0

I'm trying to write a BeautifulSoup object to a file. Note that I append something to the soup object. The thing is div containing HTML/JavaScript from Plotly's to_html() function, which gives me a chart in HTML form. I narrowed down the problem to the following code:

from bs4 import BeautifulSoup

file_writer = open("path/to/file", "w")
html_outline = """<html>
                      <head></head>
                          <body>
                              <p>Hello World!</p>
                              <div></div>
                          </body>
                      </html>"""
soup = BeautifulSoup(html_outline, "html.parser")
soup.div.append({plotly HTML/JavaScript})
file_writer.write(soup)
file_writer.close()

Inside the write function, I've tried various functions for the soup object to convert it to a string, like str(soup), soup.prettify(), and more that I'm forgetting, and those indeed successfully write to the file, but the angled brackets ("<>") from the Plotly HTML I insert become HTML entities (I believe that's what they're called), so a

<div>

becomes:

&lt;div&gt;

inside the file I write to. I will note here that only the angled brackets for the HTML I appended into the soup object turn into HTML entities, the html, head, and body tags are all proper angled brackets.

My question is, how can I convert the soup object directly into a string that has proper angled brackets and no HTML entities?

I guess I can maybe write a function that parses the file for those HTML entities and replaces them with proper angled brackets, but I'm hoping there's a better solution before I do that. I tried searching this problem up multiple times but nothing came up for it.

I asked this question previously but it was marked as a duplicate, but the duplicate question linked didn't help because that was for adding empty tags. I'm appending a whole existing div with JavaScript and other content to my soup object here.

Thanks in advance!

sping
  • 35
  • 9

1 Answers1

1

I found out that I was able to use bs4's .prettify() function, but I had to change the formatter to None. So my line of code that writes the HTML to the file becomes:

file_writer.write(soup.prettify(formatter=None))

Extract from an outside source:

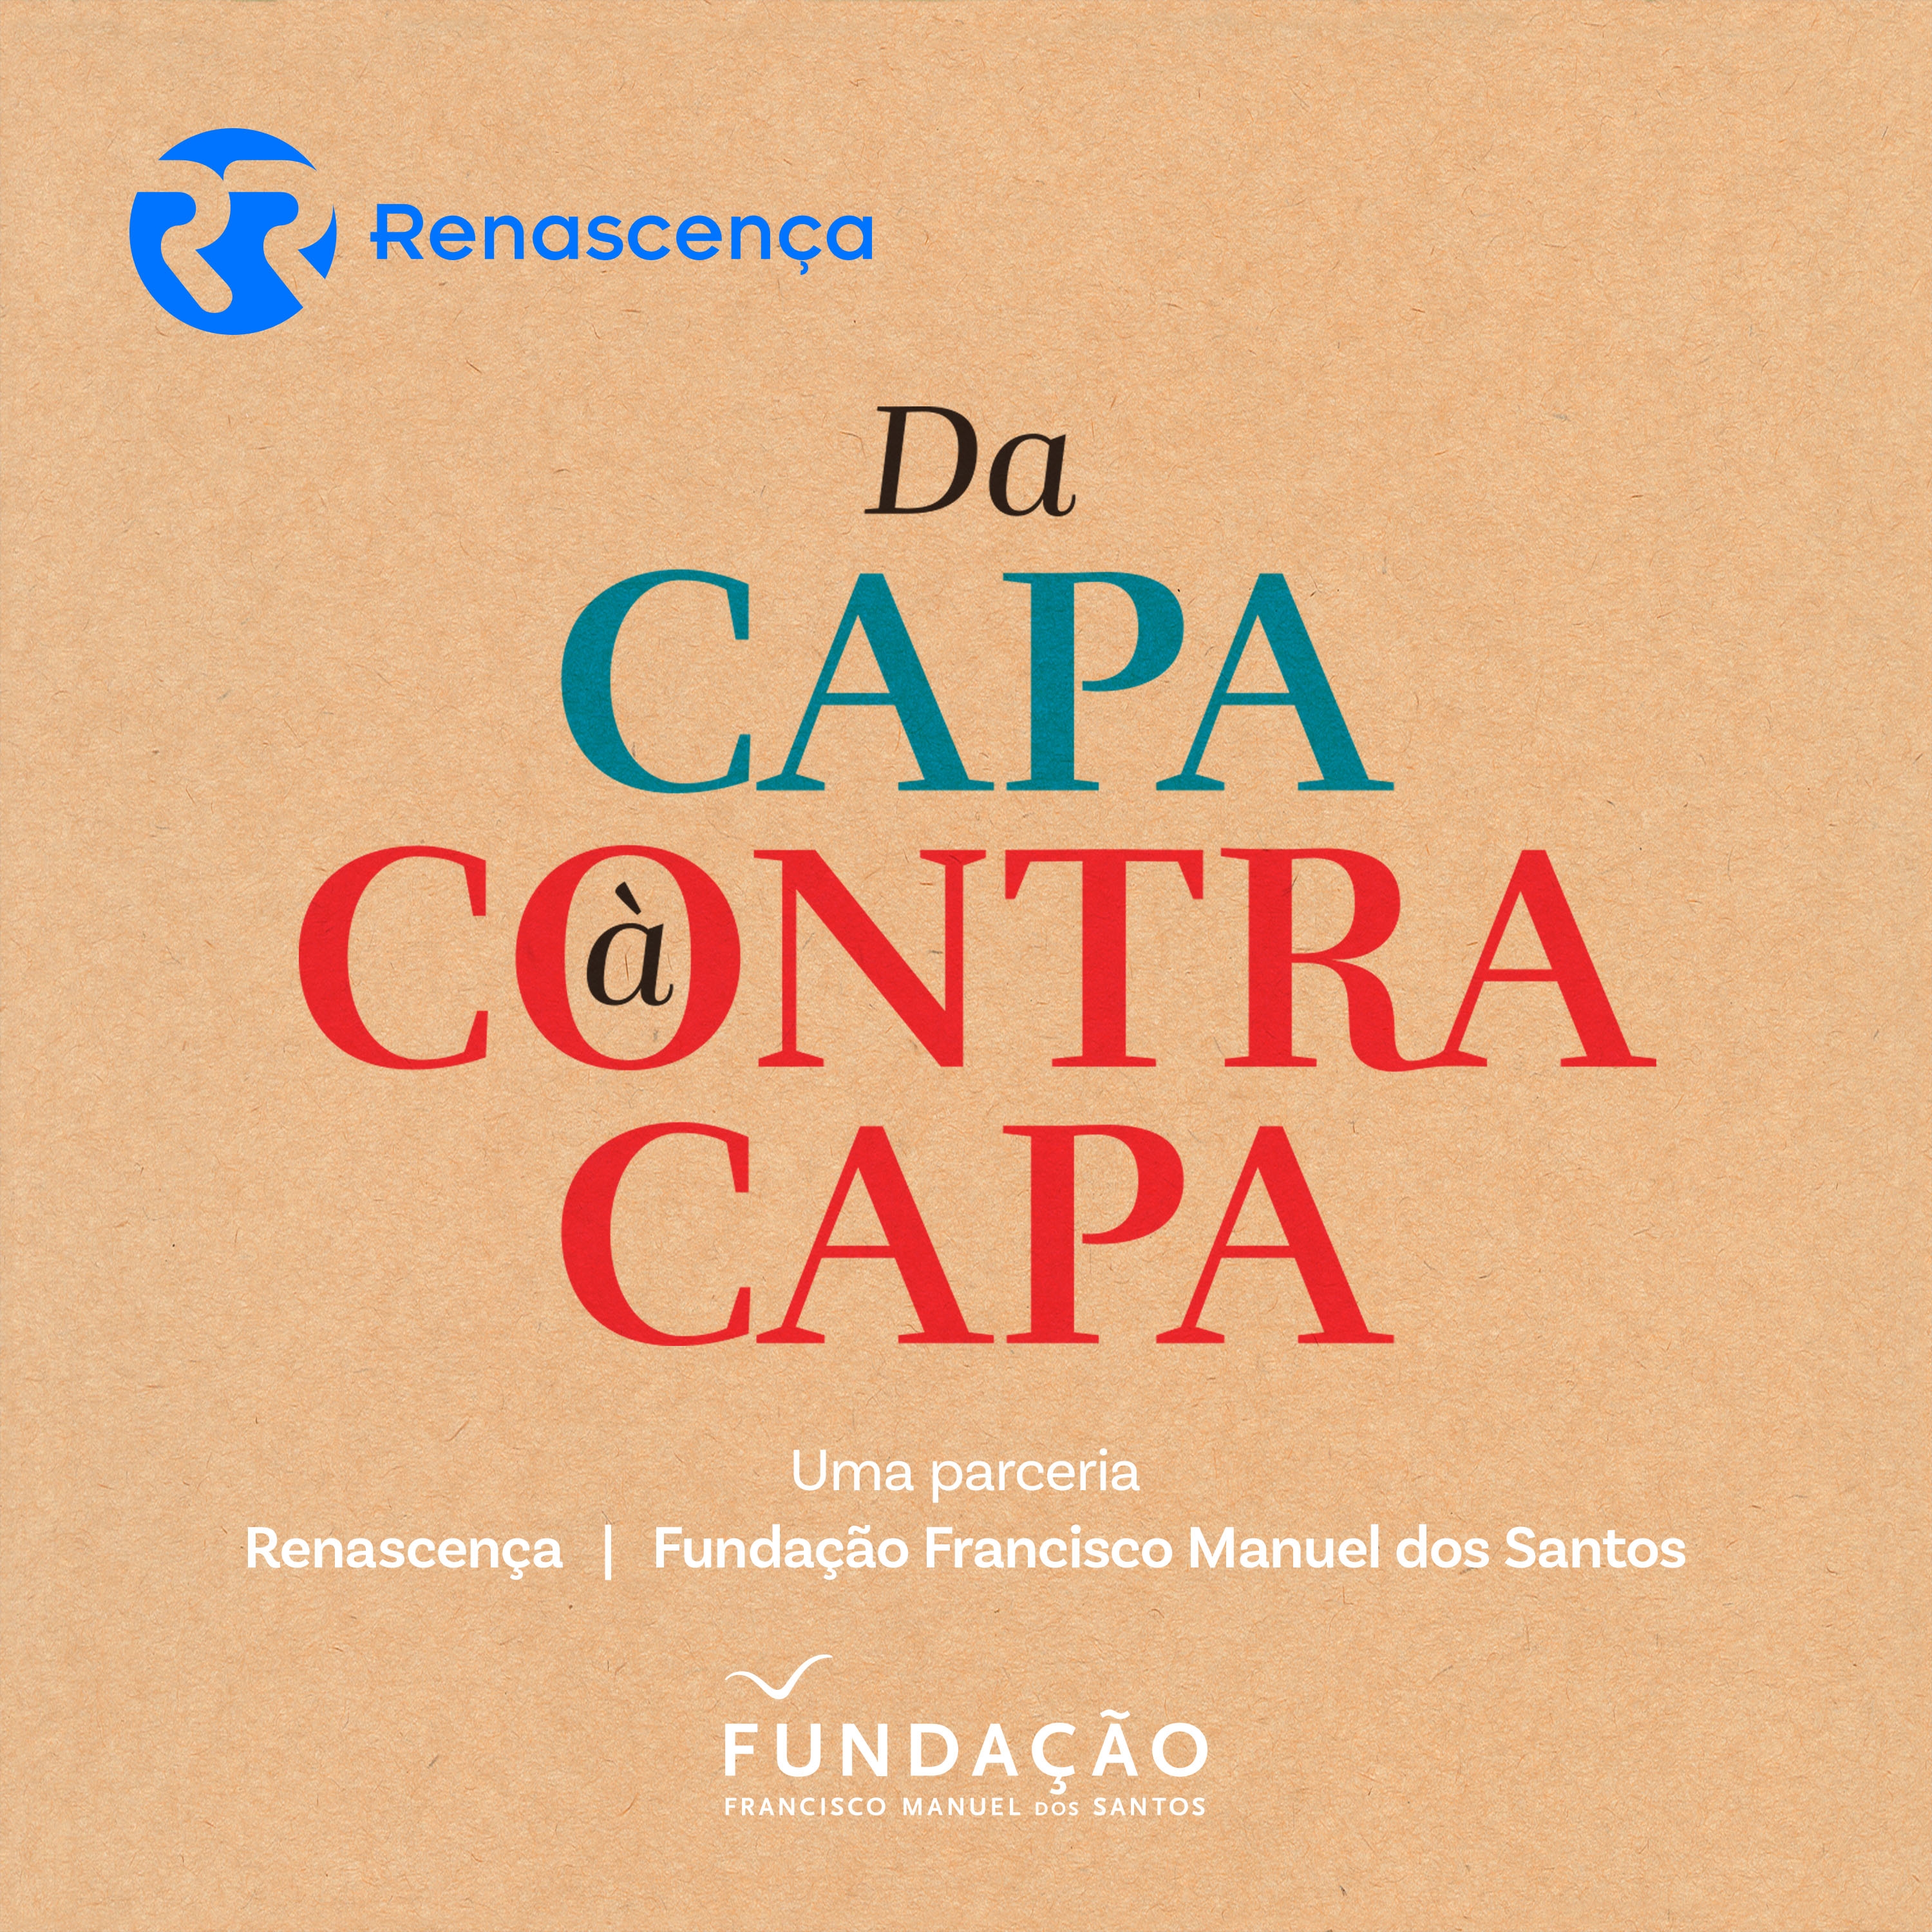 Da Capa à Contracapa - Economia portuguesa - 02/11/2019

This isn't best practice because according to bs4's docs, it said that this may generate invalid HTML/XML. I know the docs say that it should convert HTML entities to Unicode characters by default, so I'm not sure why that didn't work for me. While I'm not in urgent need of a solution anymore, I posted this because I thought that someone may find it useful in the future. Hopefully someone can give a better solution, though!

sping
  • 35
  • 9